ME: Okay Christine, I thank you for the time that
you took to answer these questions. There were a lot of interesting
things I always like to hear and even if I heard them before,
but the people that are going to be listening to this have not
heard them so for them they’re going to find it interesting,
they’re going to find it informative.
CJ: Maybe that’s one more thing I should tell
you. You probably think I’m nuts. I was feeling real rotten,
you know, just tough, so I got up and I unlocked the door and
I dressed and I laid across the bed and I kept thinking, “Oh,
I wish it was morning, I need a doctor. If it was just morning
I could go to the clinic.” And all of a sudden I heard somebody
walk in the house and I sat up and walked around and there my
sister stood that died five years earlier. I was shocked and I
said, “Caroline, how did you get here? How did you come?”
And she said, “I came to tell you get to the clinic now,
don’t wait till morning, it’s going to be too late.”
So I looked around again and she was gone. And I thought I got
to do something, so I called my neighbor, I said, “will
you take me to the emergency.” She did and that’s
when they gave me my pacemaker.
ME: When was that?
CJ: That’s about ten years now. When I got
to the clinic they said you’re so lucky you came when you
did, you didn’t have much time left, about another hour
you’d of been dead. Well I said I wanted to wait for morning,
but my sister told me to come now. They took me to be and put
(B503) all over me and after a couple days they said we have to
give you a pacemaker, your heart is about gone.
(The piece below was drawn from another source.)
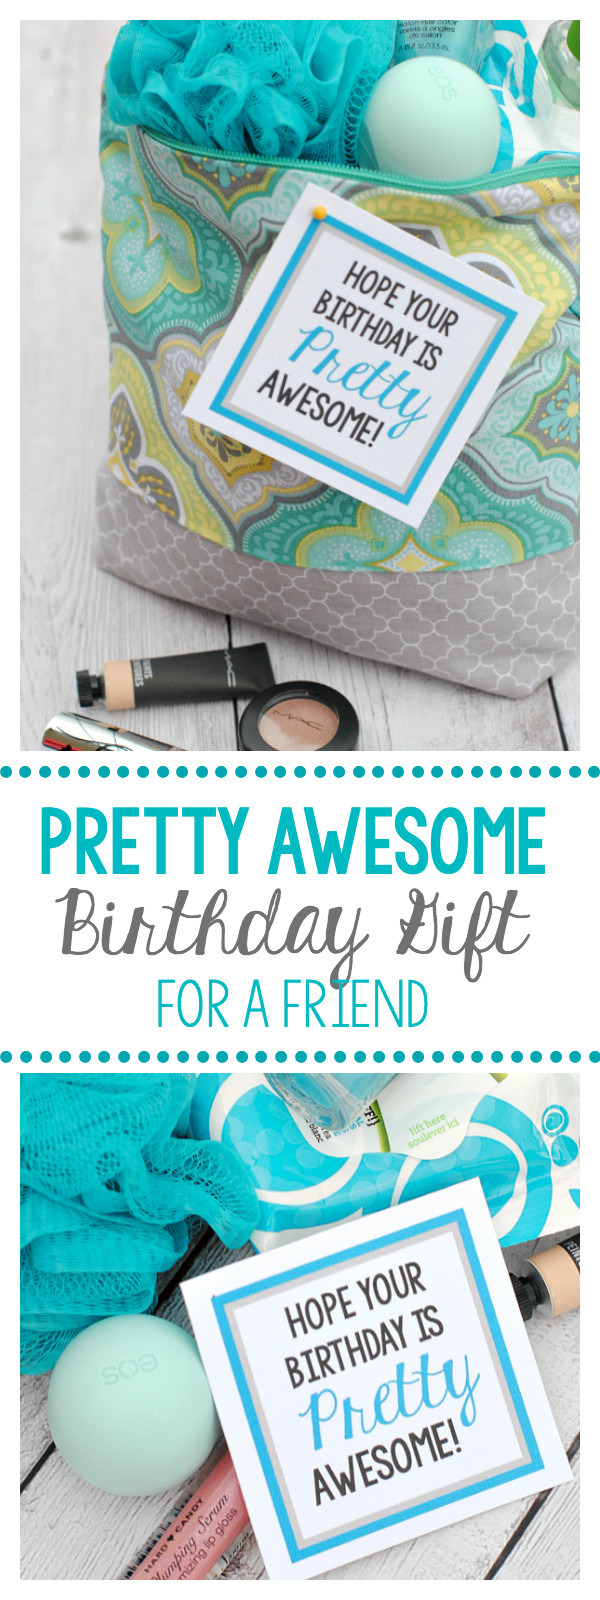 Birthday Gifts Pinterest
 "Pretty Awesome" Makeup Gifts for a Friend Mom or Teacher

ME: Some of these things that you talk about. I
guess they call it intuition or whatever, but that took place
in your family and it is just amazing some of the things that
you talked about, that either happened at the right time (tape
cuts out and picks up again)…I wish she could have stayed
longer, she was standing there with kind of a long pinkish dress
on and I was just dumbfounded. I said, “Caroline, how did
you get here?” She said, “I came to tell you have
to get to the doctor now, you can’t wait till morning, it’s
gonna be too late.”
ME: So your still the last one in your family then?
Do you get around yet, you don’t drive anymore, do you?
CJ: No, I gave the car up a year ago.
ME: What about walking? Do you walk up town or does
someone give you a ride?
CJ: I need a ride. I can’t walk that far on
(B530 account) pacemaker starts.
ME: But you do a lot of canning yet too don’t
you?
CJ: Oh yah.
ME: Do you have a garden?
CJ: A little garden.
ME: Well I thank you again Christine and if something
else comes to mind, why I’ll be back and we’ll get
it all taken care of on this tape so that we can get all the information
that we can. Thank you again Christine.
CJ: Well thank you. You’ve got yourself a
miserable job.
ME: No, no, I thouroughly enjoy it. I thank you.